News (Media Awareness Project) - US VA: Racial Bias Alleged In Drug Sweep |
Title: | US VA: Racial Bias Alleged In Drug Sweep |
Published On: | 1999-07-11 |
Source: | Roanoke Times (VA) |
Fetched On: | 2008-09-06 01:18:31 |
BIAS ALLEGED IN DRUG SWEEP
NAACP Chief: Small-Time Black Dealers Are Focus
Calling last week's drug sweep "a waste of taxpayer dollars," the president
of Roanoke's NAACP chapter is complaining that police are targeting black
street dealers while turning a blind eye to the suppliers and consumers who
drive the city's crack trade.
"We're getting tired of this," Martin Jeffrey said of the Roanoke Police
Department's most recent undercover operation in which 76 people were
charged with selling small amounts of crack and other drugs.
Of 64 adults charged in the sweep, all but 13 were black, according to court
records. The race of the remaining defendants, all juveniles, was not
available last week.
Jeffrey said the National Association for the Advancement of Colored People
has voiced concerns in the past that the city's annual drug sweeps are too
narrowly focused on street sales in Northwest Roanoke.

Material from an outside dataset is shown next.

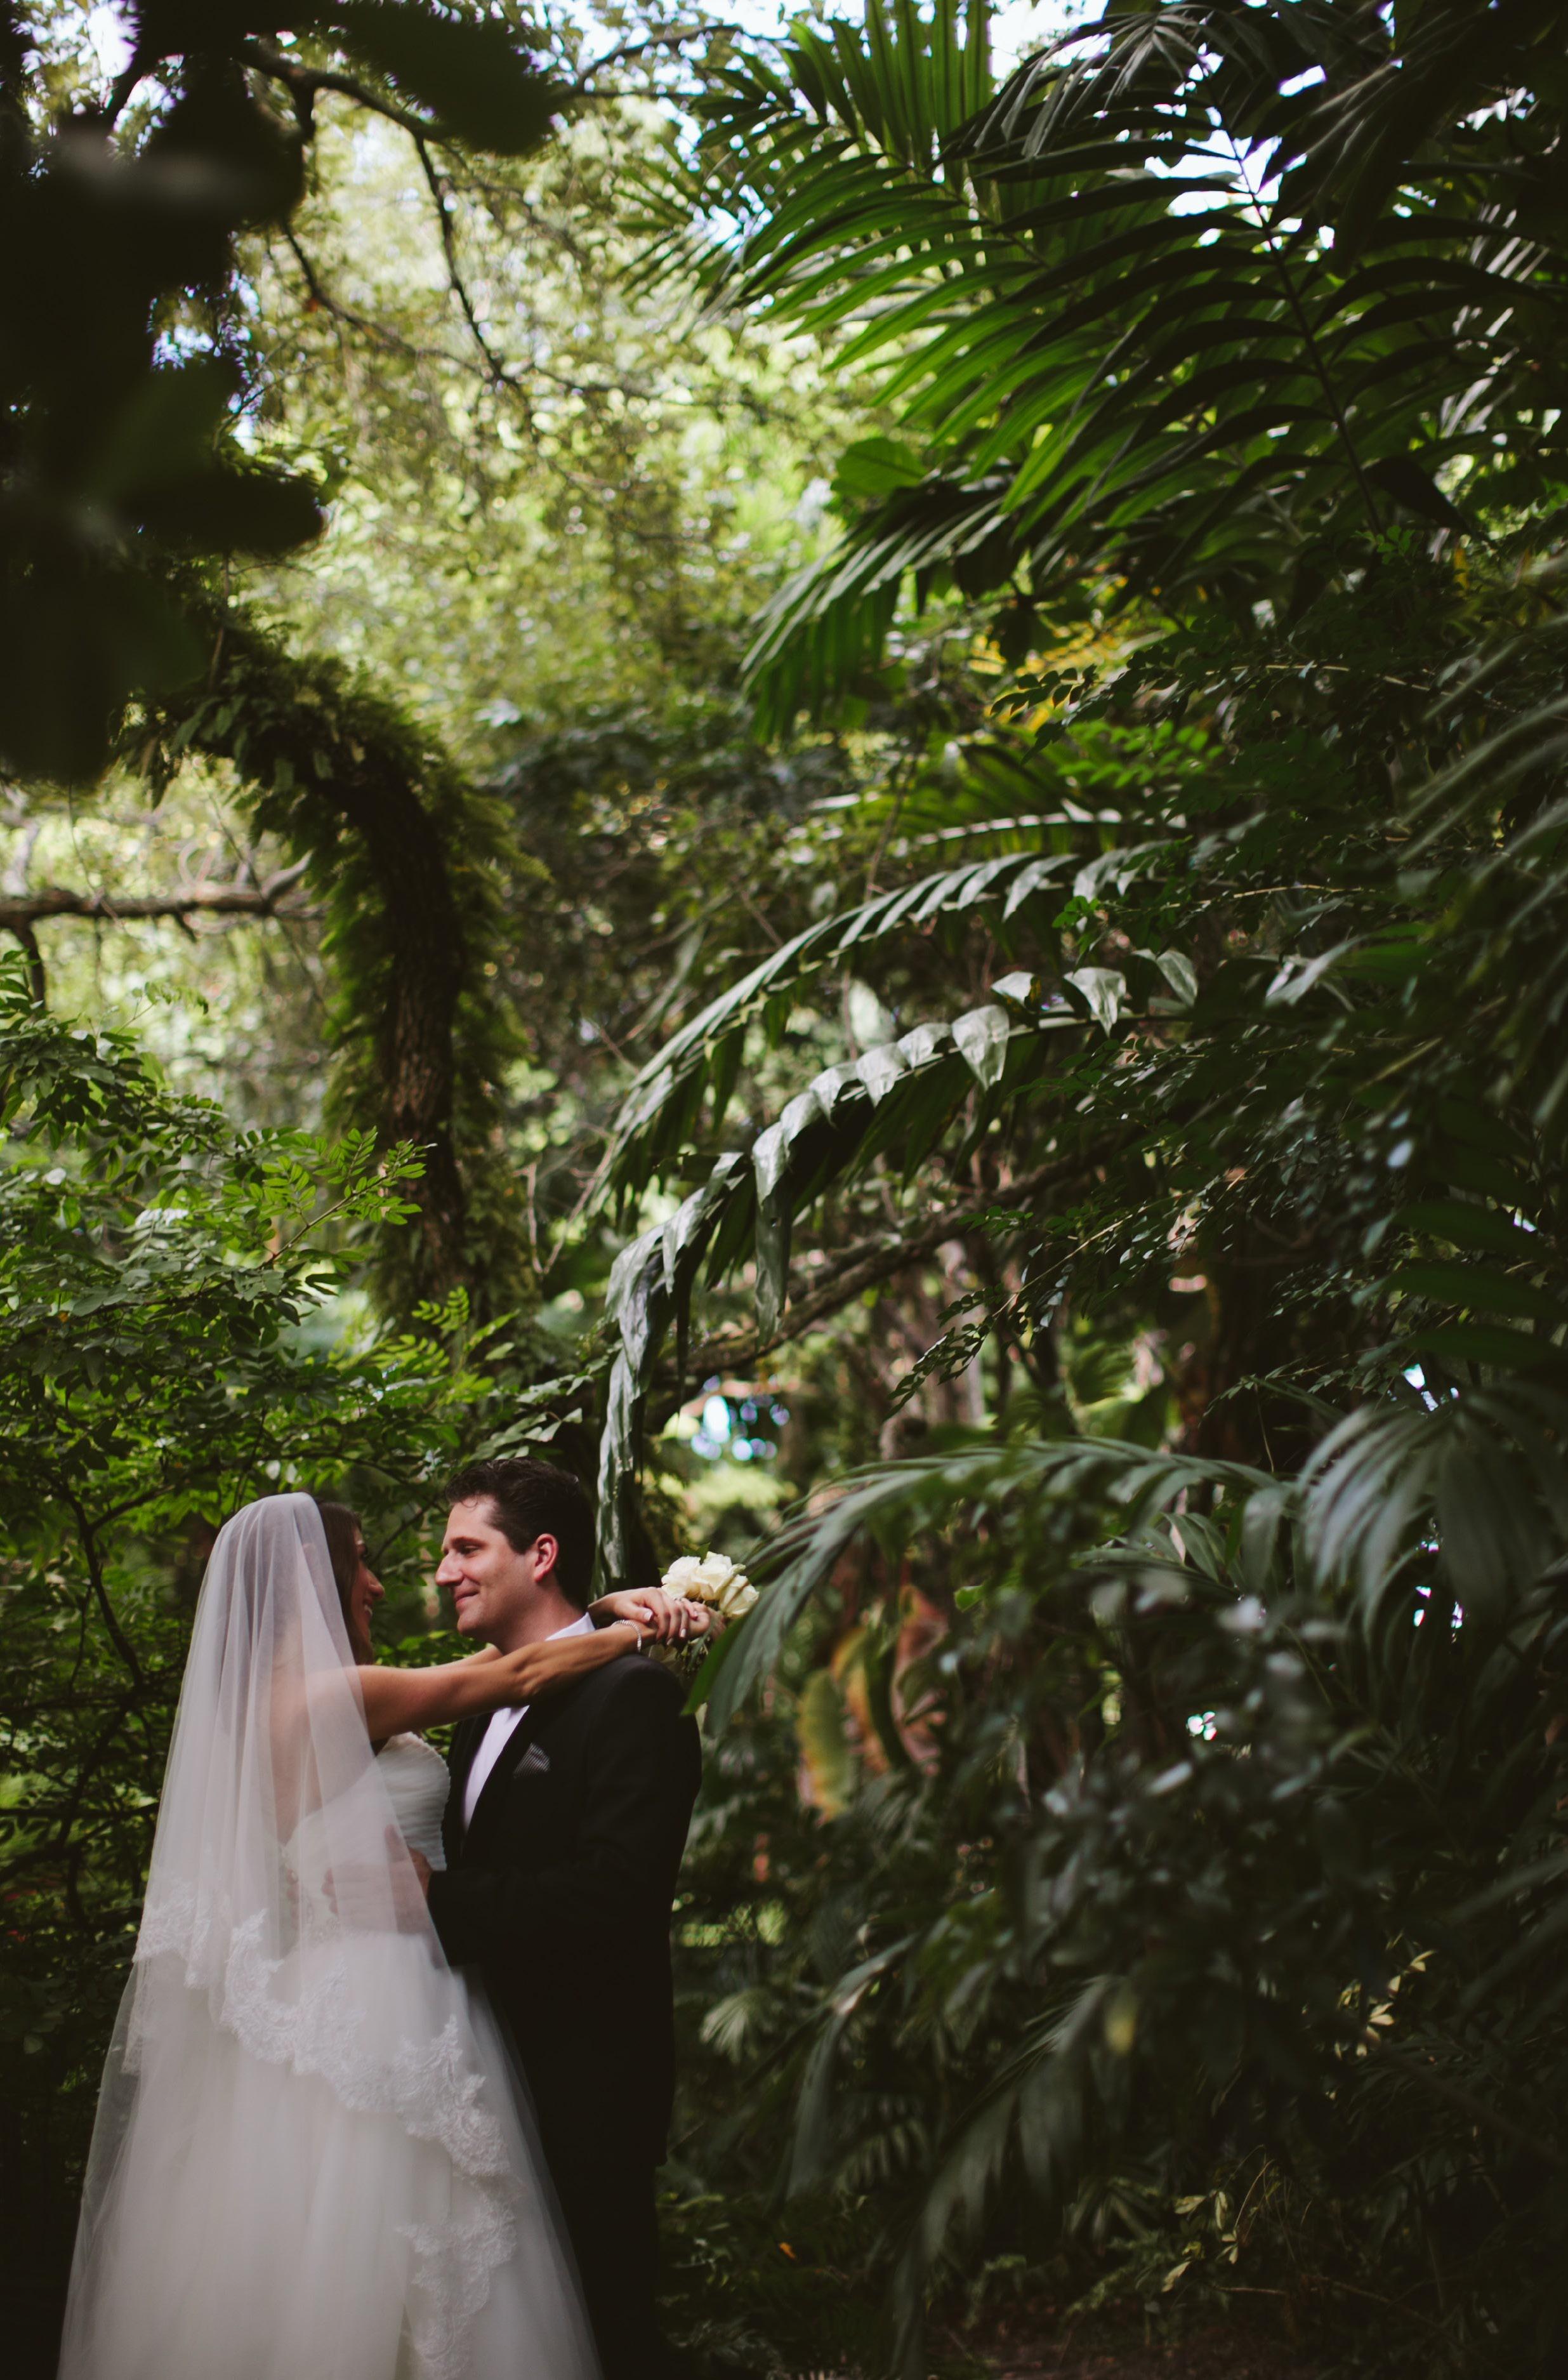 Meli + Mike Coconut Grove Wedding at Villa Woodbine34.jpg
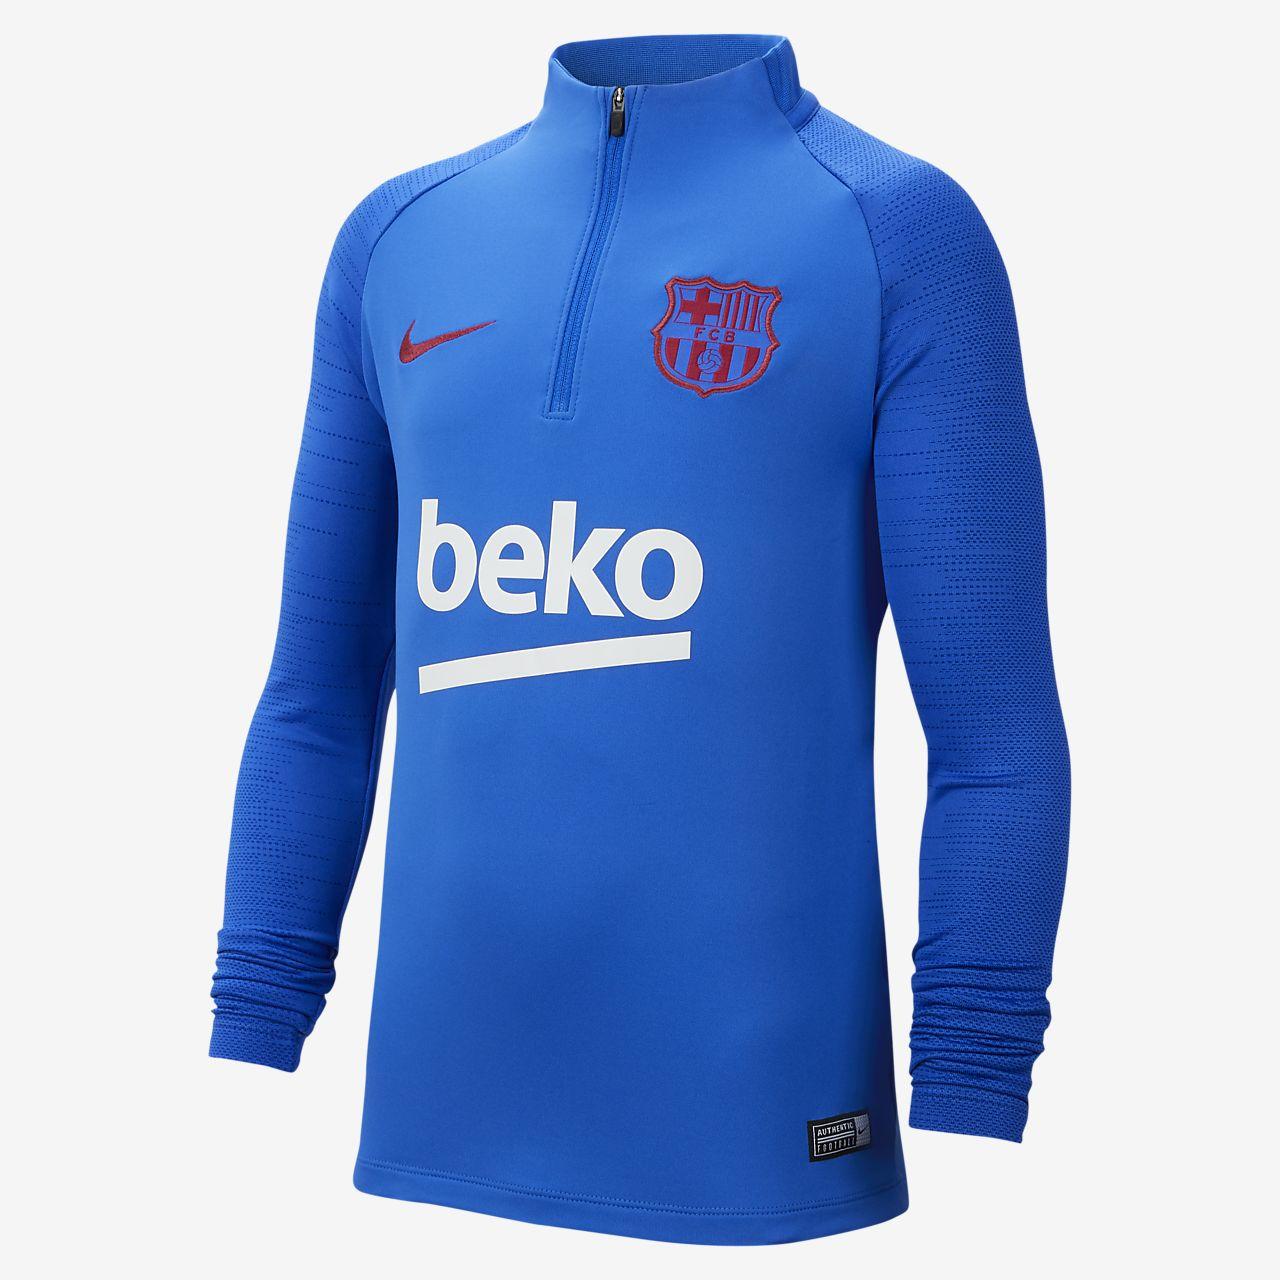 Camisola de treino de futebol Nike Dri-FIT FC Barcelona Strike Júnior

"Why isn't there a broader net cast, instead of always labeling this one
area of town?" Jeffrey asked. Police should devote their efforts to
arresting major suppliers and users, he said, and "not just come in every
year and sweep up a bunch of black kids and say we're cleaning up the city."
Authorities say race plays no part in their drug investigations.
"What they do is target drug sales, and where the sales are, they go,"
Police Chief Atlas "Joe" Gaskins said of his vice detectives' efforts.
Ever since the late 1980s, when crack first infiltrated Roanoke, the vast
majority of visible street dealing has occurred in low-income and public
housing portions of Northwest Roanoke. Some portions of Southeast,
inner-city Southwest and Old Southwest are also affected.
The many law-abiding residents who live in those neighborhoods welcome the
drug sweeps, Regional Drug Prosecutor Tom Bowers said.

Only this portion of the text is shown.